Creo que actué con profesionalidad. Sí, estaba a punto de inmersar por primera vez, y habría hecho cualquier cosa que me hubieran ordenado y creo que lo habría hecho bien. Pero los oficiales recordaban lo que era ser principiante, y nos tenían, al puñado de nuevos inmersores, en un puesto de observación donde pudiéramos reaccionar como debíamos, pues las técnicas que habíamos practicado no garantizaban que la primera vez no nos mareásemos; donde pudiéramos estar un momento con nuestro sobrecogimiento y experimentarlo como fuese que lo experimentáramos. En el ínmer hay corrientes y frentes de tormenta. En el ínmer hay tramos que precisan una destreza y un tiempo tremendos para cruzarlos. Ésas eran algunas de las técnicas que yo ya dominaba, además del control somático, la atención mántrica y la naturalidad instrumentalizada que me convertían en inmersora, que nos permitían a los inmersores permanecer conscientes y serenos cuando inmersábamos.

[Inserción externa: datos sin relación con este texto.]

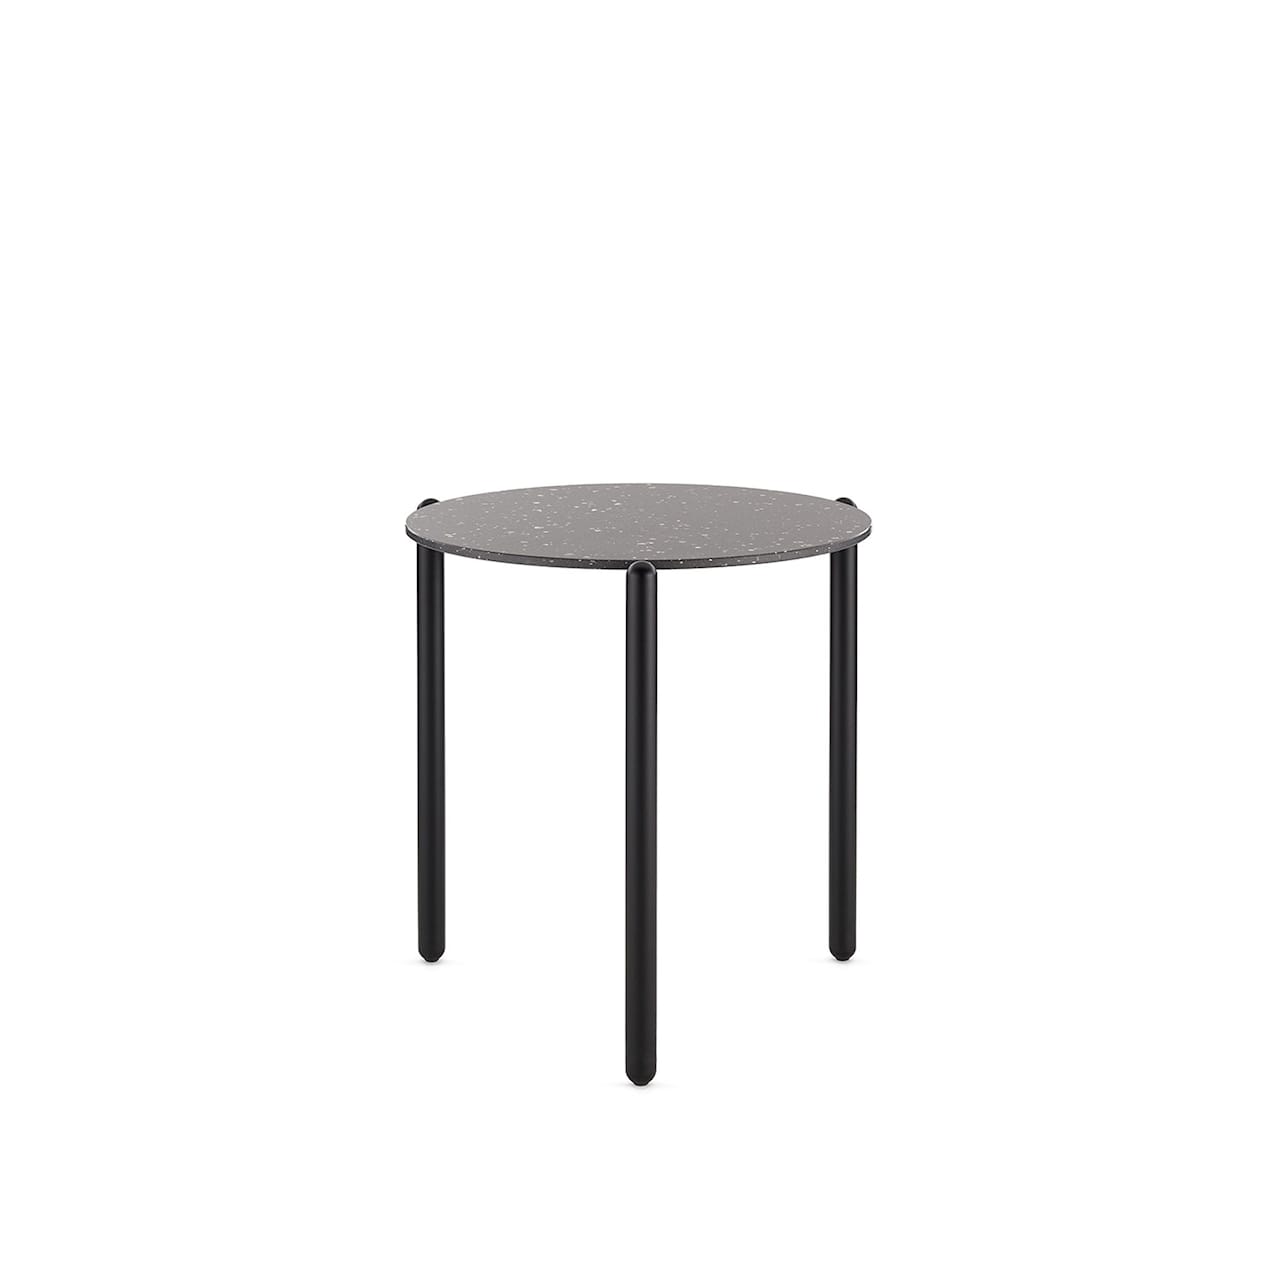 Undique Low Table 48x51

Sobre el mapa, no hay tantos miles de millones de kilómetros desde Dagostin u otros centros. Pero esos mapas celestes euclidianos solo los utilizan los cosmólogos, algunos exoterres cuya física nosotros no podemos emplear, nómadas religiosos a la deriva a un insoportable ritmo sublux. La primera vez que los vi me escandalicé —en la Ciudad Embajada no se fomentaba el uso de mapas— y de todas formas esos mapas son irrelevantes para los viajeros como yo.

En cambio, coge un mapa del ínmer. Una esencia tan enorme y sometida a tantas mareas. Levántalo, gíralo, comprueba sus proyecciones. Examina ese fantasma de luz de todas las formas que puedas, y aun reconociendo que es una representación plana o trid de un topos que se rebela contra nuestros cálculos, la situación es ostensiblemente diferente.

Los alcances de ínmer no se corresponden en absoluto a las dimensiones del manchmal, este espacio donde vivimos. Lo mejor que podemos hacer es decir que el ínmer subyace o sobreyace, infunde, es una base, es langue de la que nuestra realidad es una parole, etcétera. Aquí, en el cada día, en décadas luz y petámetros, Dagostin está mucho más lejos de Tarsk y Hodgson's que de Arieka. Pero en el ínmer, entre Dagostin y Tarsk hay unos pocos cientos de horas con viento preponderante; Hodgson's está en el centro de profundidades sedadas y abarrotadas; y Arieka está muy lejos de todo.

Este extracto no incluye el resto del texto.